[Extracted data Boundary: Start]
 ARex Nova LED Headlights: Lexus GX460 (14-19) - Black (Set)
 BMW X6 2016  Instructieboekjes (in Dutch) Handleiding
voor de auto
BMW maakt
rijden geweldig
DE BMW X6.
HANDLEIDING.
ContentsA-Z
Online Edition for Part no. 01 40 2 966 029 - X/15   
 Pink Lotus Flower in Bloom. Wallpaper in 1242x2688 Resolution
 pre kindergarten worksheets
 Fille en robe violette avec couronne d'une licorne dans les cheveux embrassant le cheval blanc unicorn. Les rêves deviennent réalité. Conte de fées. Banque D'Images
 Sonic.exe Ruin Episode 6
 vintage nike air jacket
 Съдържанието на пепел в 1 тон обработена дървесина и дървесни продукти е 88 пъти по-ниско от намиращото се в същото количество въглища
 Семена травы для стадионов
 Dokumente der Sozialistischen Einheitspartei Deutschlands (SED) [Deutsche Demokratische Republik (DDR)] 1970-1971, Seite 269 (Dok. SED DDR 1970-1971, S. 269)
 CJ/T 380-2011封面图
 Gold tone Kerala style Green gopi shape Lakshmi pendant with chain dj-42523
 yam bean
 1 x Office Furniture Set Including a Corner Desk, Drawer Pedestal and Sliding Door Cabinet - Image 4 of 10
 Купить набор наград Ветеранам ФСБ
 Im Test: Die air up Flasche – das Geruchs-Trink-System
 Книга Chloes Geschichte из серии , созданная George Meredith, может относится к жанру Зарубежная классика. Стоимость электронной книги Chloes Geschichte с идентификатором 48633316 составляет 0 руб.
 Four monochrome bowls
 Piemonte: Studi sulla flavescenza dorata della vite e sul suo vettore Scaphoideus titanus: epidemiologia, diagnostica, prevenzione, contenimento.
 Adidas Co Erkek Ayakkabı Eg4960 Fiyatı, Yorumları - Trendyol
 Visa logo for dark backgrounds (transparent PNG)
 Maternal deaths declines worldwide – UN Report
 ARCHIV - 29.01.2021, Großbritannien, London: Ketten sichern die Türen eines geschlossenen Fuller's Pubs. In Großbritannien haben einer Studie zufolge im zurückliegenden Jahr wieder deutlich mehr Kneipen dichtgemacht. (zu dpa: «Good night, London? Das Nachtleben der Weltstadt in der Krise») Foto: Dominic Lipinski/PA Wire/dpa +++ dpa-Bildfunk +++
[Extracted data Boundary: End]
#### Exercise directions:
Given the records above, return exactly the lines starting at the line containing "ContentsA-Z" and ending at the line containing "Съдържанието на пепел", including both.

#### Written solution:
ContentsA-Z
Online Edition for Part no. 01 40 2 966 029 - X/15   
 Pink Lotus Flower in Bloom. Wallpaper in 1242x2688 Resolution
 pre kindergarten worksheets
 Fille en robe violette avec couronne d'une licorne dans les cheveux embrassant le cheval blanc unicorn. Les rêves deviennent réalité. Conte de fées. Banque D'Images
 Sonic.exe Ruin Episode 6
 vintage nike air jacket
 Съдържанието на пепел в 1 тон обработена дървесина и дървесни продукти е 88 пъти по-ниско от намиращото се в същото количество въглища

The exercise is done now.